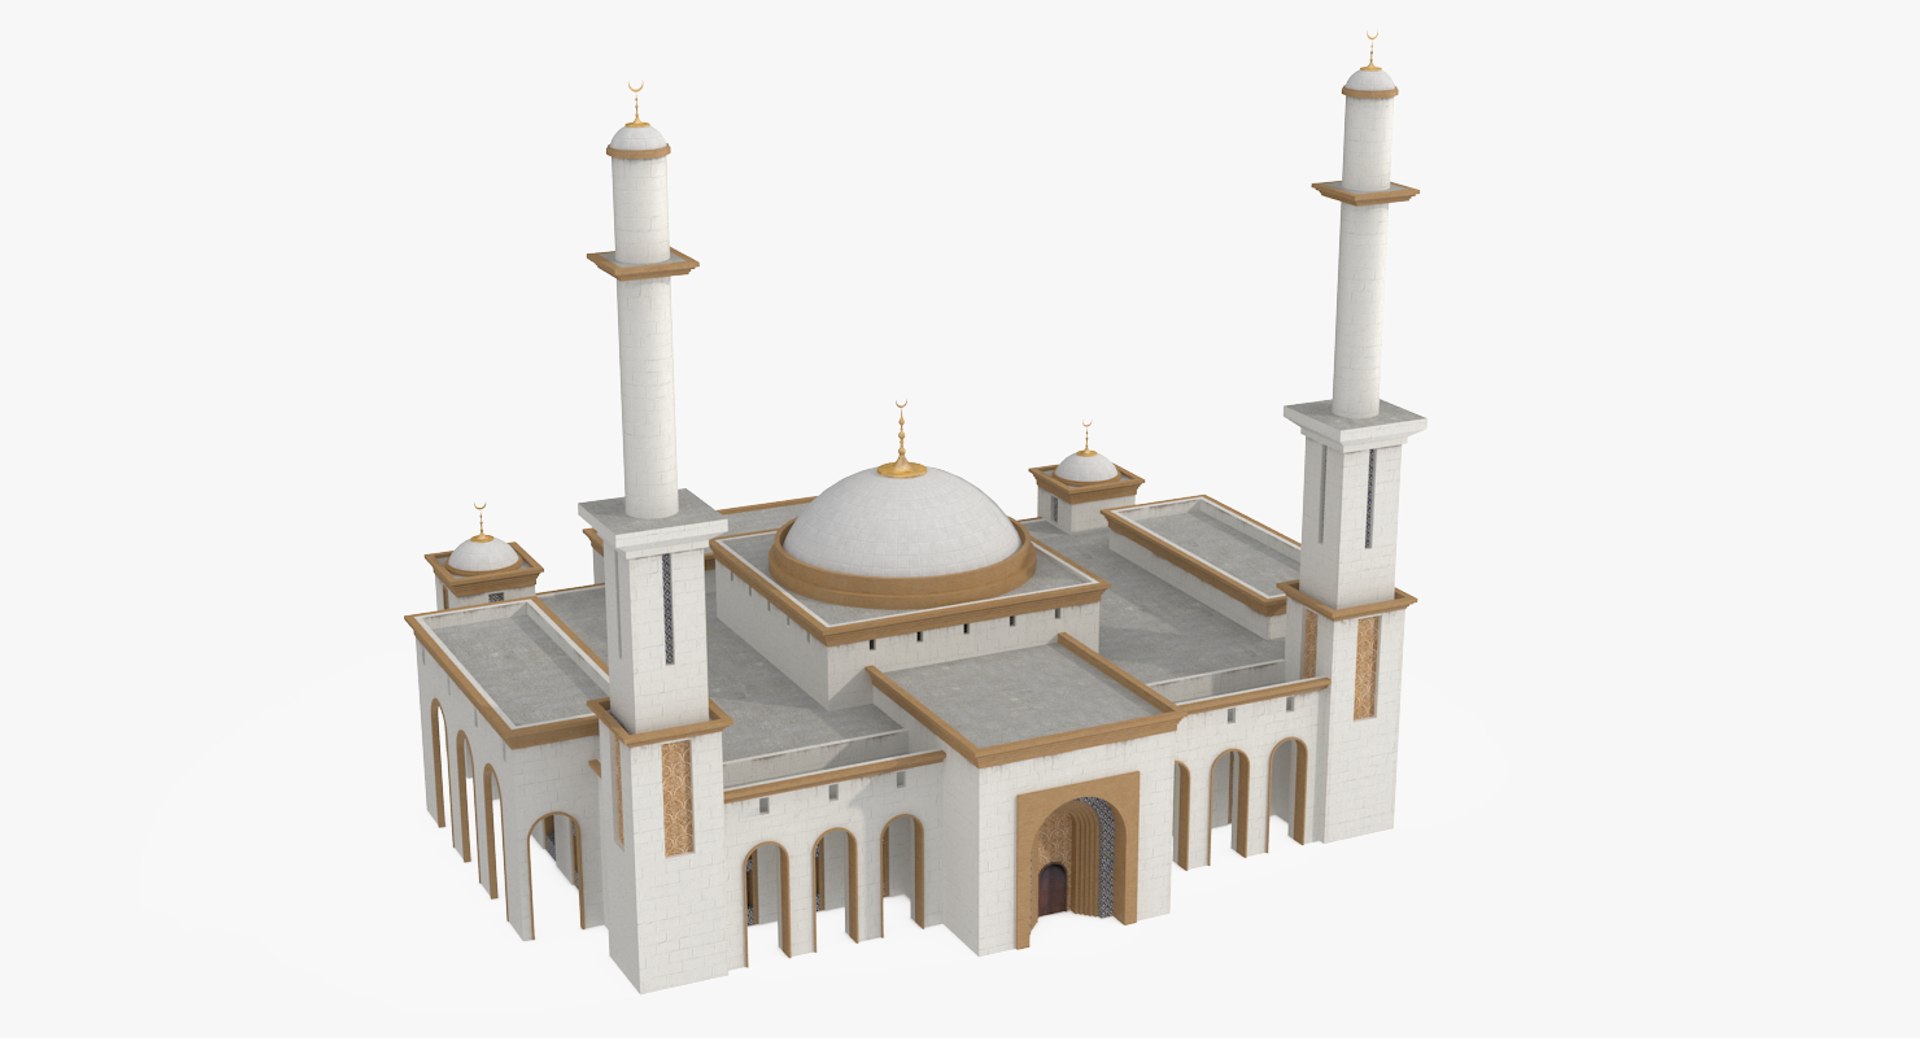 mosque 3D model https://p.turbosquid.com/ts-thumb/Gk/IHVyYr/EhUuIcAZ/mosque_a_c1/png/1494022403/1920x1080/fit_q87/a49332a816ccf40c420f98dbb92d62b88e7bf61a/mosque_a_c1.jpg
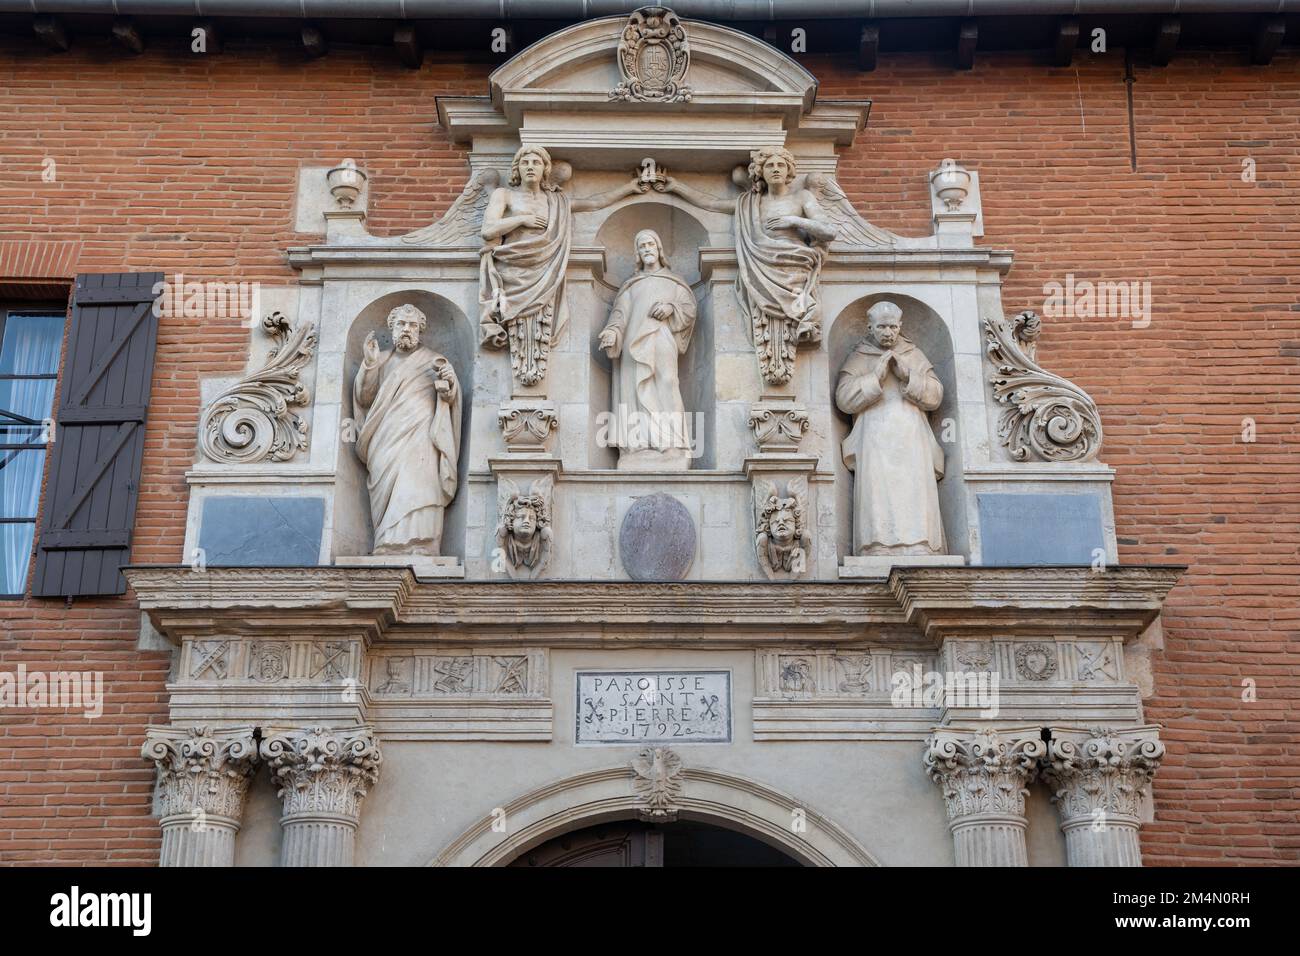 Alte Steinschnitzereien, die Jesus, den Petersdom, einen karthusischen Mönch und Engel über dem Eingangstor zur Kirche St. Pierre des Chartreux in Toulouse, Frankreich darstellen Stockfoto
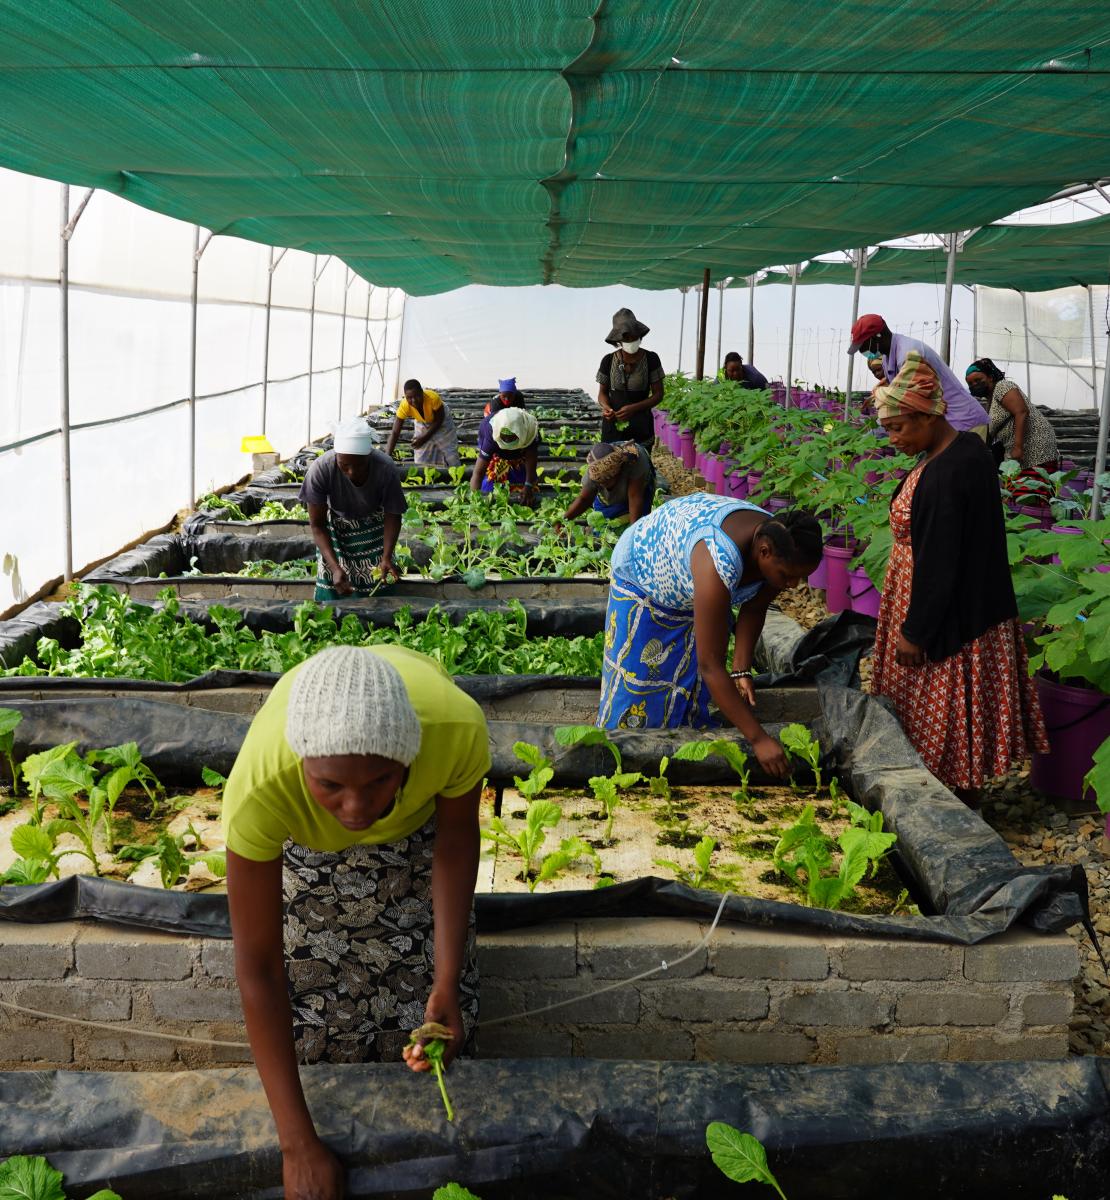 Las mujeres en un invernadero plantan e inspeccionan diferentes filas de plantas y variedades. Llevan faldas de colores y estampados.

> Goal of the exercise
Copy each line above precisely, dropping the pictures.

> Your solution
 mosque 3D model https://p.turbosquid.com/ts-thumb/Gk/IHVyYr/EhUuIcAZ/mosque_a_c1/png/1494022403/1920x1080/fit_q87/a49332a816ccf40c420f98dbb92d62b88e7bf61a/mosque_a_c1.jpg
 Alte Steinschnitzereien, die Jesus, den Petersdom, einen karthusischen Mönch und Engel über dem Eingangstor zur Kirche St. Pierre des Chartreux in Toulouse, Frankreich darstellen Stockfoto
 Las mujeres en un invernadero plantan e inspeccionan diferentes filas de plantas y variedades. Llevan faldas de colores y estampados.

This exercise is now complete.